It’s a week before opening night when, during a break in rehearsal, dancer-choreographer Yayoi Kambara reminisces about the 2011 ceremony at Oakland’s glamorous Paramount Theater in which she became a naturalized U.S. citizen. “I was really moved,” she recalls. “We were such a large group of people of so many languages, colors and hopes.”

The memory is ever more meaningful to her current work. When we talk, Kambara is in preparations for her new dance work titled IKKAI: Once, running Jan. 19–20 at ODC Theater, which reflects on the internment of Japanese Americans during World War II. As Kambara guides the fledgling ensemble of eight, formally known as KAMBARA + DANCERS, through intriguing formations and alternately tender and menacing interactions in a studio at the ODC Dance Commons, I note their striking individuality.

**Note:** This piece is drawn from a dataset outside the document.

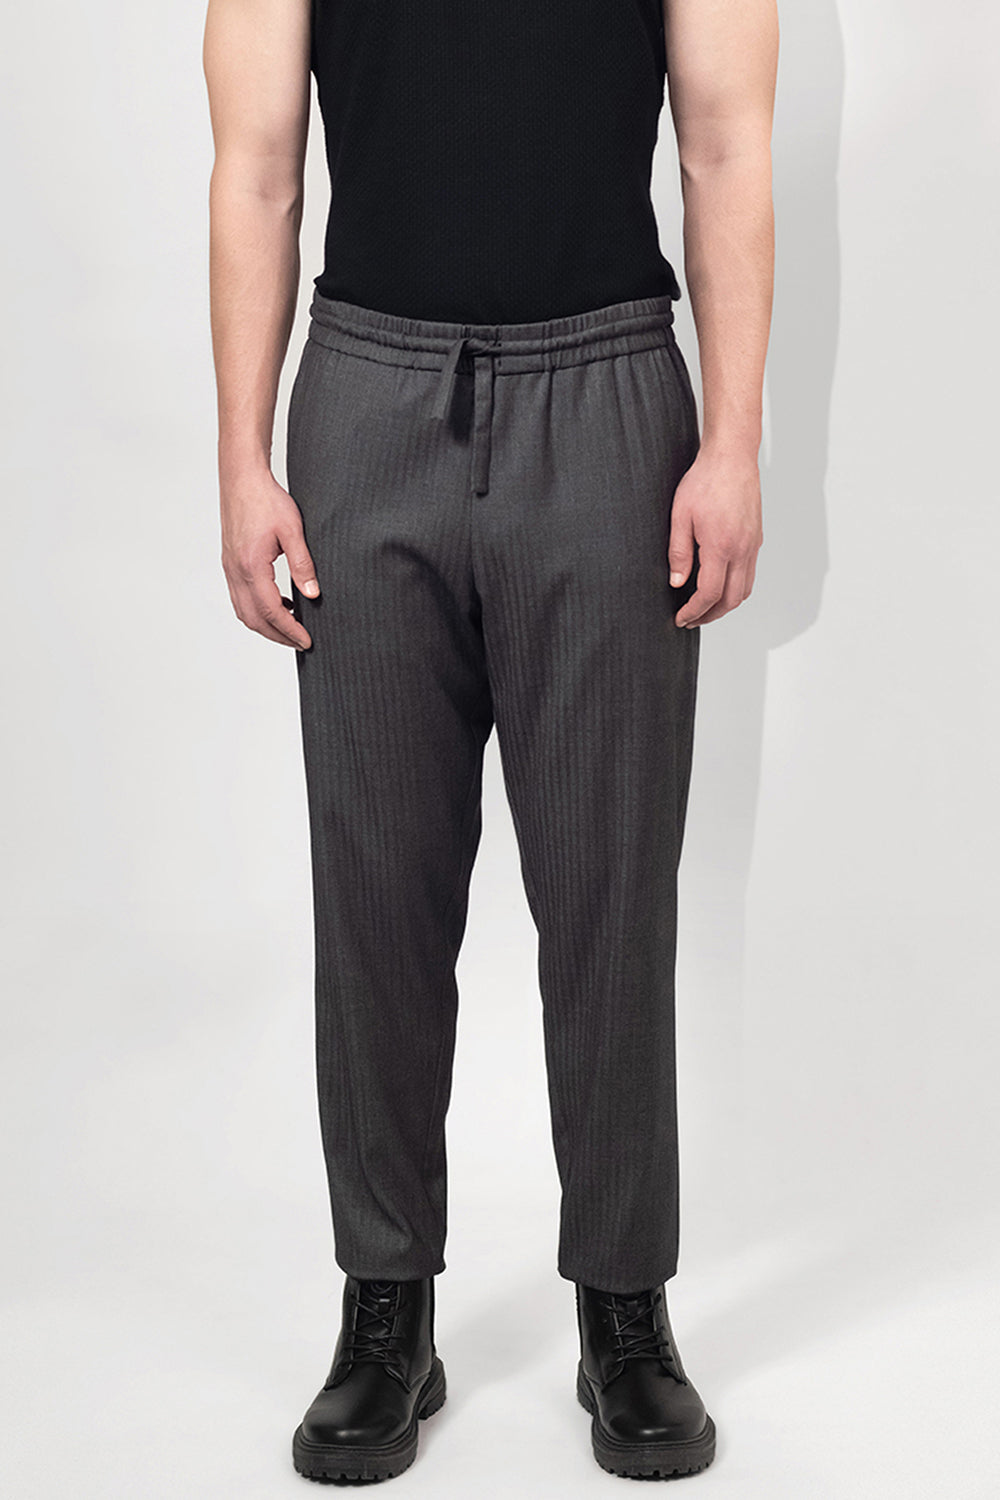 SEANNUNG - MEN - Tailored Trousers with Elastic Waist  直條鬆緊西裝窄褲
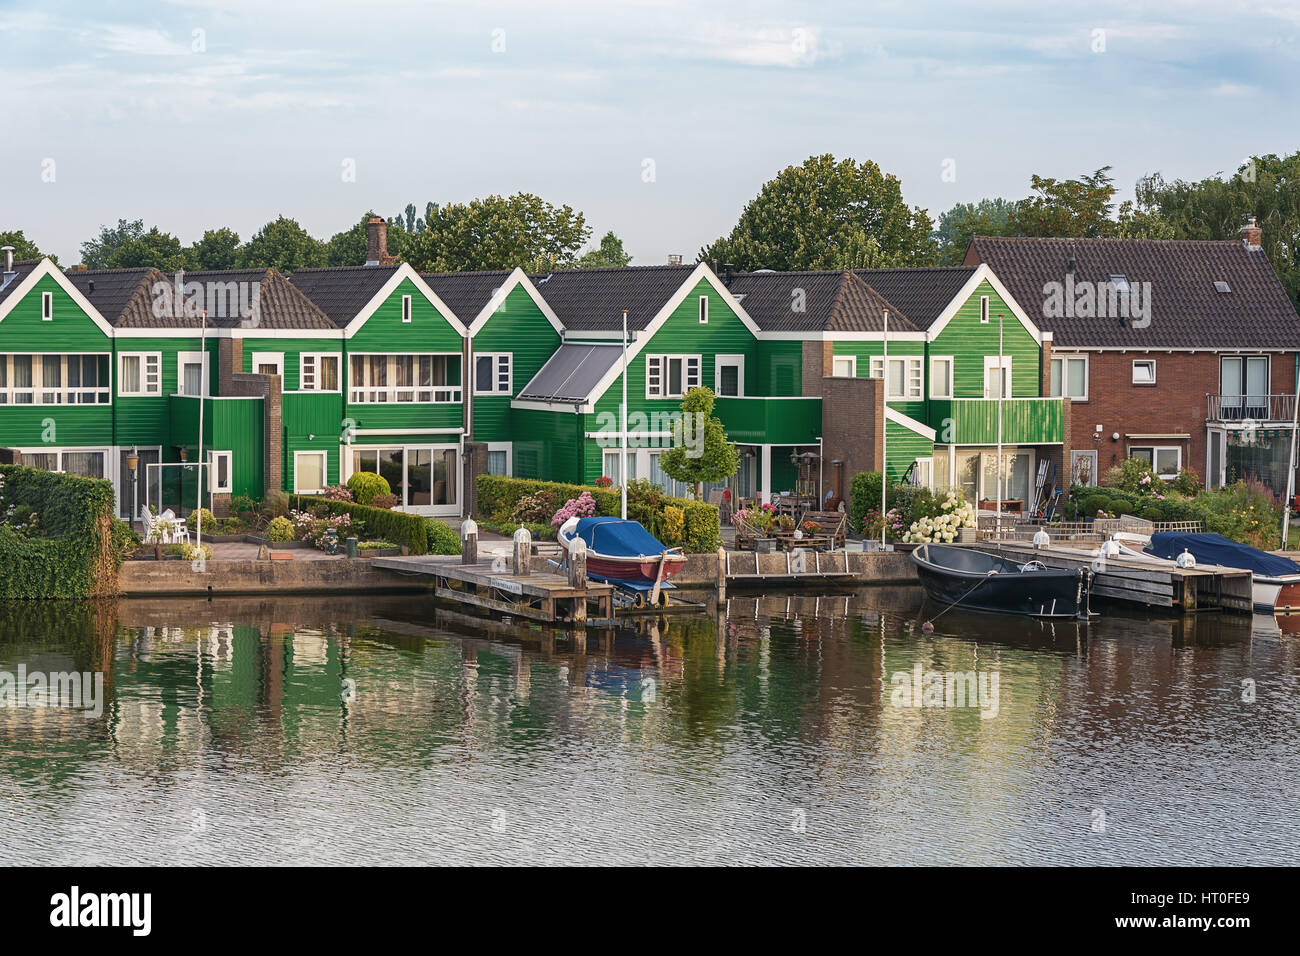 The Zaanse Schans with its typical green wooden houses, bridges and ditches. Stock Photo

“I do like having dancers of different colors and shapes,” Kambara declares. “I think they like to work with me because we have a mutual understanding about being ‘other’ in this country. We all speak different languages — some are biracial, genderqueer, gay, coffee-colored, chocolate-colored, tan.”

Sharon Kung with Amy Foley, Leesha Zieber, Wailana Simcock, Edisnel Rodriguez, Allie Papazian of KAMBARA + DANCERS. (Photo: RJ Muna)

The performance marks the inaugural home season for KAMBARA + DANCERS at the ODC Theater. As it turns out, the idea of ‘home’ is a fluid one for Kambara. Born in Japan, her family moved to the U.S. when she was six, and also lived for a time in England. She says that issues around citizenship have increasingly preoccupied her as she witnesses the ugly confrontations around immigration in this country, and she worries about the future that awaits her young bi-racial daughters. “Though I feel we’re safe in San Francisco,” she adds, though her expression remains quizzical, as if she isn’t entirely sure.

Her own extended family, mostly in Japan, were not caught up in the American internments. But Kambara rightly notes that many Americans, especially outside California, are unfamiliar with this infamous episode in World War II history, which capped a long surge in anti-Japanese sentiment. And she shares growing fear over the demonization of immigrant communities, of the ‘other,’ in the era of Trump.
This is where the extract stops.